The first element is high modernist ideology: the sincere conviction that complex systems can be redesigned from above by administrators armed with technical knowledge. The AI discourse is saturated with this ideology in forms that range from the crude (technologists who claim AI will solve all problems) to the subtle (policymakers who believe the right regulatory framework can anticipate and manage the technology's effects). The ideology is not cynicism. It is sincere conviction, which is what makes it structurally dangerous.
The second element is institutional power sufficient to impose the plan. High modernist ideology without institutional power is merely bad theory. The technology companies deploying AI at scale possess institutional power of a historically novel kind — not the coercive power of the state, but platform power: the ability to reshape the conditions of work, creativity, communication, and cognition for billions of people simultaneously through the design choices embedded in their tools. When Anthropic ships an update to Claude Code, the change affects every engineer who uses the tool the next morning. These are not policy decisions subject to democratic deliberation. They are product decisions made by small teams, implemented globally, often without public notice.
The third element is a prostrate civil society — a population too atomized, disorganized, or demoralized to resist the imposition of the plan. Scott distinguished populations unable to resist from those unwilling. The silent middle that Segal identifies in You On AI is, in Scott's framework, a prostrate civil society in formation. These people are not powerless. Many possess exactly the practitioner knowledge that effective AI governance requires. They are silent because the institutional channels for speaking do not exist, and the public discourse does not reward the ambivalence that constitutes their honest assessment.

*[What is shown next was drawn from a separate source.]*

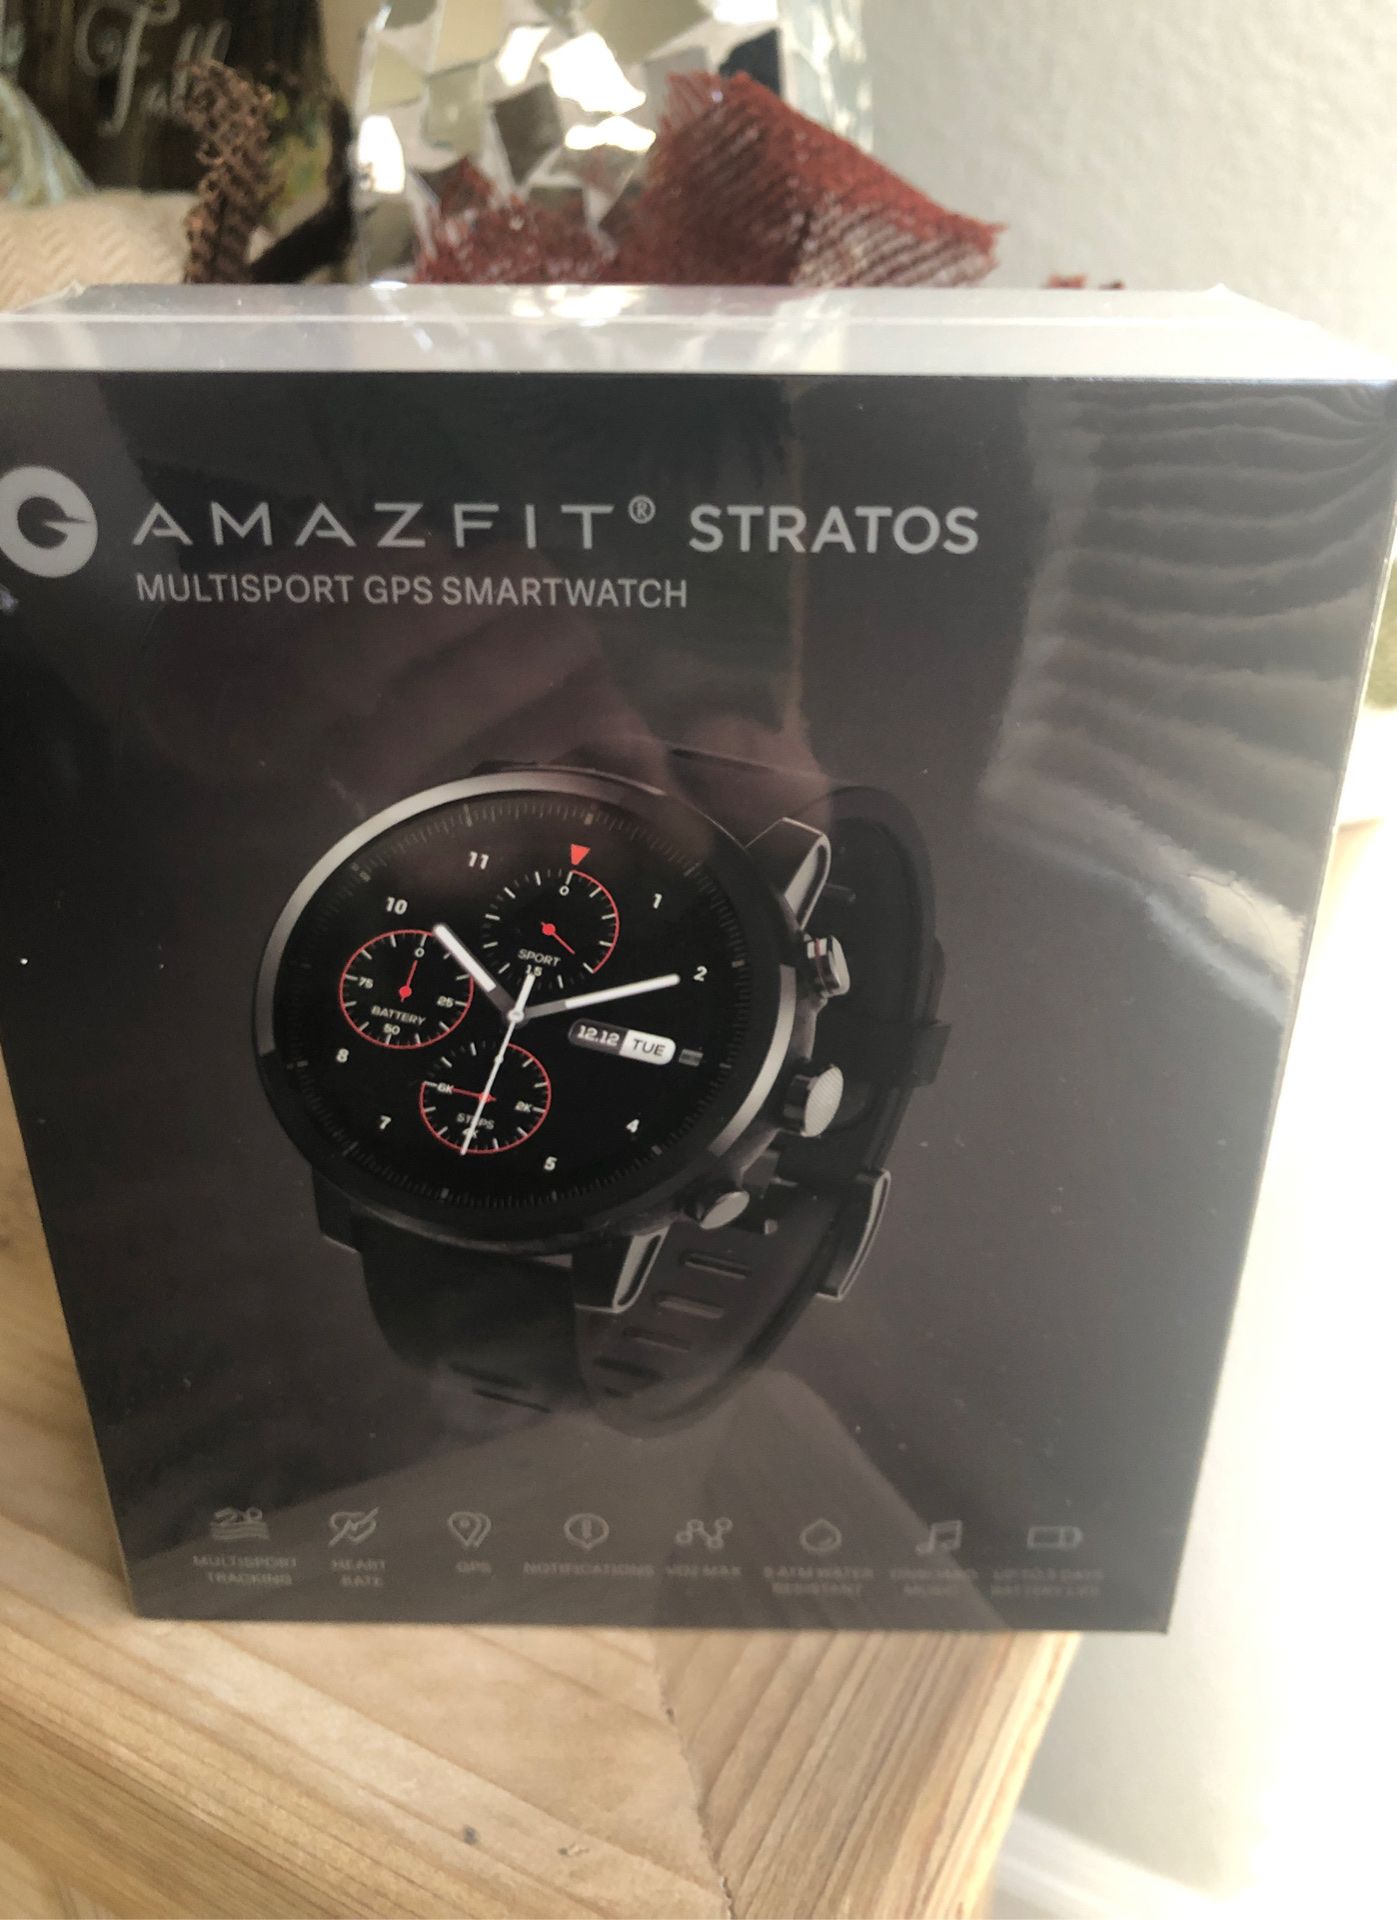 Amazefit Stratos MultiSport GPS Smartwatch

The fourth element is the absence of practical feedback mechanisms that would reveal the plan's failures before they become structural. This is the element that transforms bad policy into catastrophe, because it prevents self-correction. The AI transition's feedback mechanisms are failing for specific reasons: the speed of deployment outpaces the speed of assessment; the practitioners who possess the most relevant knowledge have no institutional channel through which to communicate it; and the channels that exist — surveys, feedback forms, social media — are designed for legible input and cannot accommodate the kind of nuanced, contextual knowledge that constitutes practitioner métis.

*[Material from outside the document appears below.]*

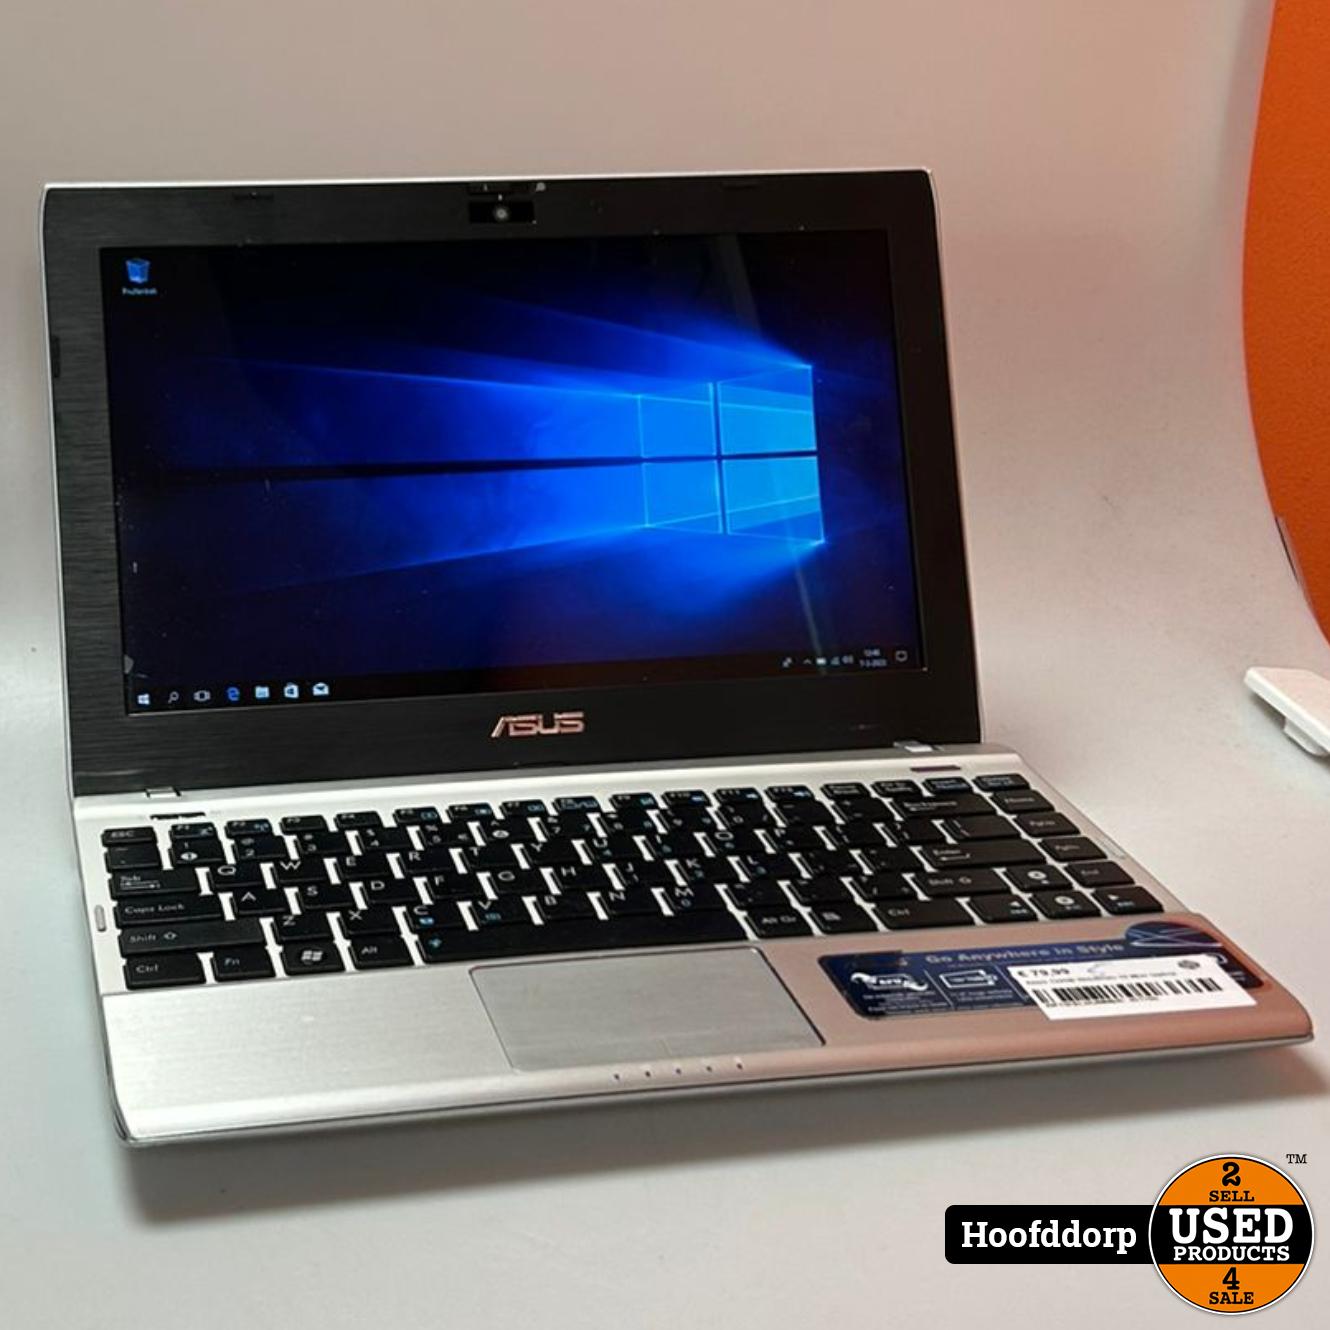 dinsdag Overtreding wijsvinger Asus 1225B Windows 10 Mini laptop - Used Products Hoofddorp

When all four elements converge, the result is what Scott documented across cultures and centuries: the organized destruction of functioning systems by people who sincerely believed they were improving them. The pathology is identifiable in advance. The intervention is possible. But only if the intervention is informed by the knowledge that the pathology systematically excludes — the local, contextual, embodied knowledge of the people who live inside the systems being planned.
Scott developed the four-element framework through comparative study of twentieth-century planning catastrophes in Seeing Like a State. The framework was not presented as an exhaustive causal theory but as a diagnostic tool — a set of questions to ask of any proposed intervention in order to assess its vulnerability to the characteristic failures of high modernism. Subsequent scholars have refined and extended the framework, applying it to contexts Scott did not examine and producing variations that address specific domains.
Conjoint necessity. All four elements must be present simultaneously. Removing any one reduces the risk substantially. This is the diagnostic's practical value: it identifies the points of intervention.
Institutional power includes platform power. Scott's original framework focused on state power. The AI era requires extending the concept to include the platform power wielded by technology companies whose design choices affect billions of users.
Prostrate does not mean powerless. The silent middle is silent because of institutional conditions, not because of lack of knowledge or capability. The knowledge is there. The channels are missing.
Feedback failure is the transformer. The element that turns bad policy into catastrophe is the absence of self-correcting feedback. This is where intervention can have the largest effect.
Critics have argued that the four-element framework is too abstract to guide specific policy, and that the real work lies in the details of individual cases that the framework cannot address. Scott's response was that the framework was meant as a starting point for analysis, not a substitute for it. The framework's application to AI has been extended by scholars including Henry Farrell and Marion Fourcade, who have argued that the AI era introduces novel features (particularly inductive legibility) that require modifications to the original framework.